Virtual Waiting Room Tech Stack

Let's zoom out and see our tech stack. Each column means a main component in our solution. Then we have JavaScript running in the browser to open the WebSockets and control the state of the queue. We have part of our logic running in the CDN. We rely on Fastly, our backend in Go. We have Lambda functions, API gateway. Data storage is DynamoDB. For observability, we rely on Datadog. How is it connected? The traffic from mobile and from browsers goes through Fastly. Fastly is the main gateway. It's the main entrance for all the traffic, and everything is controlled in Fastly. Fastly talks to API gateway that talks to the Lambda functions that talks to DynamoDB. In the API gateway, we have WebSockets, we have HTTP gateway. We also have some jobs running in the Lambda, then everything provides the entire solution.

How Does It Work?

We're going to see in detail how it works. The virtual waiting room operates in two modes. The virtual waiting room, basically where the on-sale didn't start yet, and then it blocks all the traffic that goes to the protected zone, and the queuing mode where we have a queue. Then we are draining this queue, means the on-sale starts, and both modes are protected zone. What is a protected zone in the end? It's a simple path. Usually, it's a ticketing page, where everybody goes there to try to purchase the tickets. Then we have some details, for each protected zone, we have a queue format, for each protected zone in production, we have over 2000 protected zones running now. Then you have some attributes for that protected zone, like the state. It could be blockade, throttle, done, or we're creating or designing a new protected zone. We have the path, the resource that we're protecting. It could be 1 or 10, depends on how the event was created, you have many dates or not. The details of that event. The limits as well for the exit rate. The idea that you can get in to the protected zone, a user will be redirected to the protected zone if they have an access token. With the access token, requests are routed to the protected zone.
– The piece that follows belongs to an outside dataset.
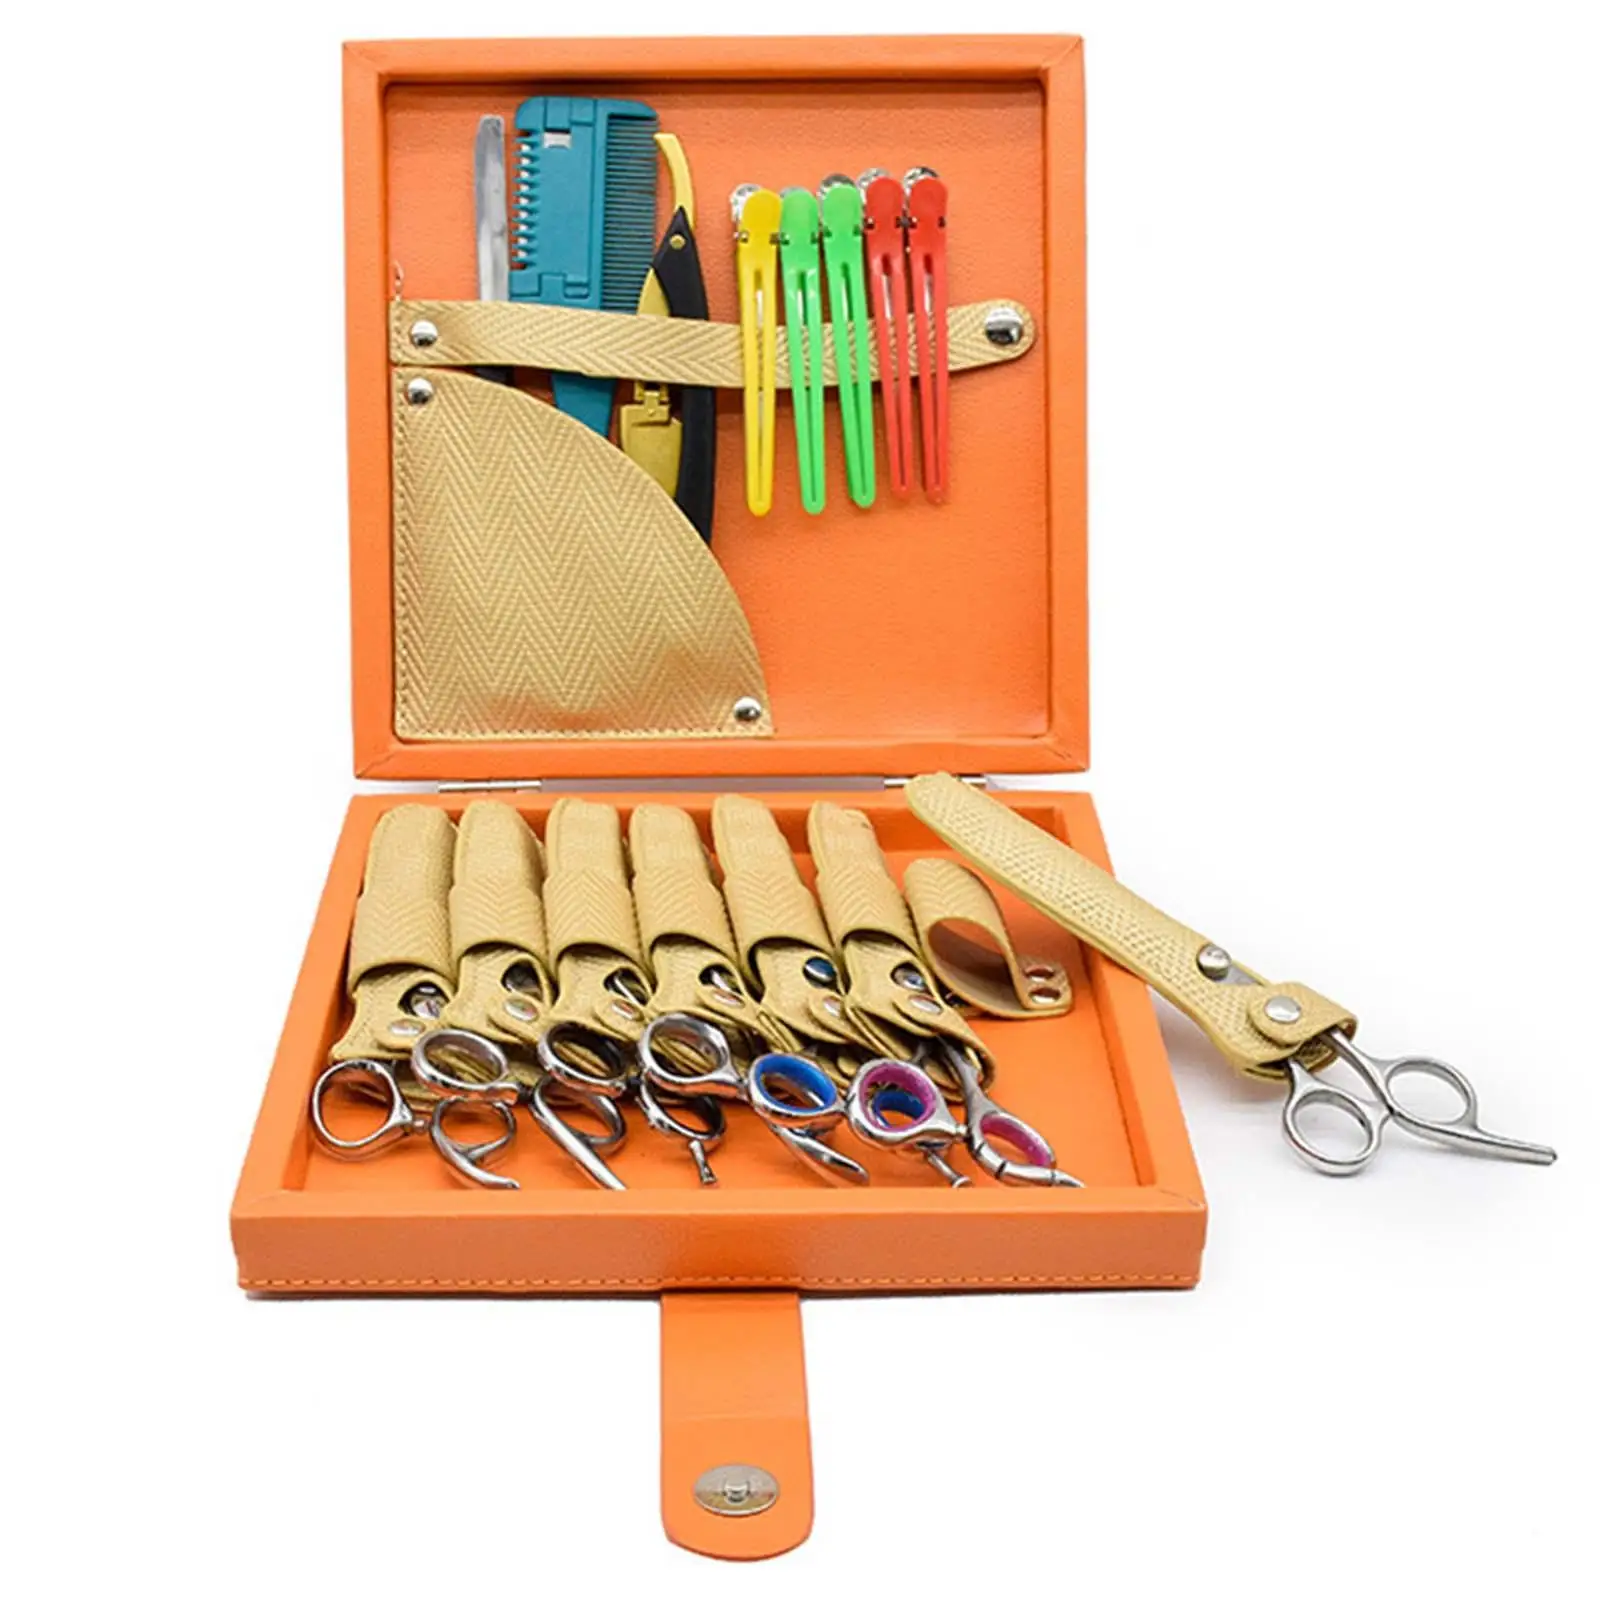 Barber Shears Storage Hair Scissors Box PU Leather Versatile Compact Size for Multiple Scissors, Combs, Hair Clips Sturdy Orange

The Virtual Waiting Room Main States

Then let's see how we can get an access token to go to the protected zone. First of all, blockade. In the blockade, there is no access token. Also, there is no communication with the backend. Everything is resolved in Fastly, in the CDN. It means that the request for a specific ticketing page is fired by the browser, then Fastly identifies that that path is protected, and the protected zone is in the blockade. Then route back the user to the waiting room page, no communication with the backend, everything is stored in our primary cache in the edge dictionary. Then Fastly validates the state of that protected zone to route the user appropriately. Then, on-sale starts and then we transition the protected zone from blockade to throttle, and a queue is formed. When the queue is formed, it's formed because the on-sale starts, then the browser fires the same request to go to the ticketing page. Then we identify that this particular path is protected by that protected zone. That protected zone now is not in blockade anymore, it's in the throttle. Then we create a visitor token, and then we route back the user to the queue page with that visitor token. When you are in the queue page with that visitor token, we have a JavaScript that opens a WebSocket to the API gateway, send that visitor token through the WebSocket, and then get registered in the queue. In that moment, we associate the timestamp with the visitor token. Then that's the way that you guarantee the order in the queue. We can sort by the timestamp, then we can see the order of the queue, how we're going to drain this queue.

Then we have exchanger function that is running in a certain period, draining that queue, that's basically exchanging visitor tokens to access tokens. We are fetching all the visitor tokens that was registered that they don't have an access token yet, then you are exchanging. When we're updating the database, we're updating the DynamoDB, this data is getting streamed. Then we're streaming the change from Dynamo to a Dynamo Stream. Then we have a function that consumes that notification from Dynamo Stream, and notifies back the user saying that we're running. We have the WebSocket open and we're taking advantage of that. You are sending back the access token. It means that the user didn't ask for the access token, it's a reactive system. When we identify that ok, you are ready to go to the protected zone because your access token was created, then you notify the user. Then the visitor token is replaced. There is no visitor token anymore. Then the user has only an access token, with that access token, you can get into the protected zone. The page is refreshed, the user sends that access token. Then with that access token, without any call to the backend, the access token is validated. The security is important. We try to identify that real users are trying to purchase the tickets, and then the user can go to the protected zone.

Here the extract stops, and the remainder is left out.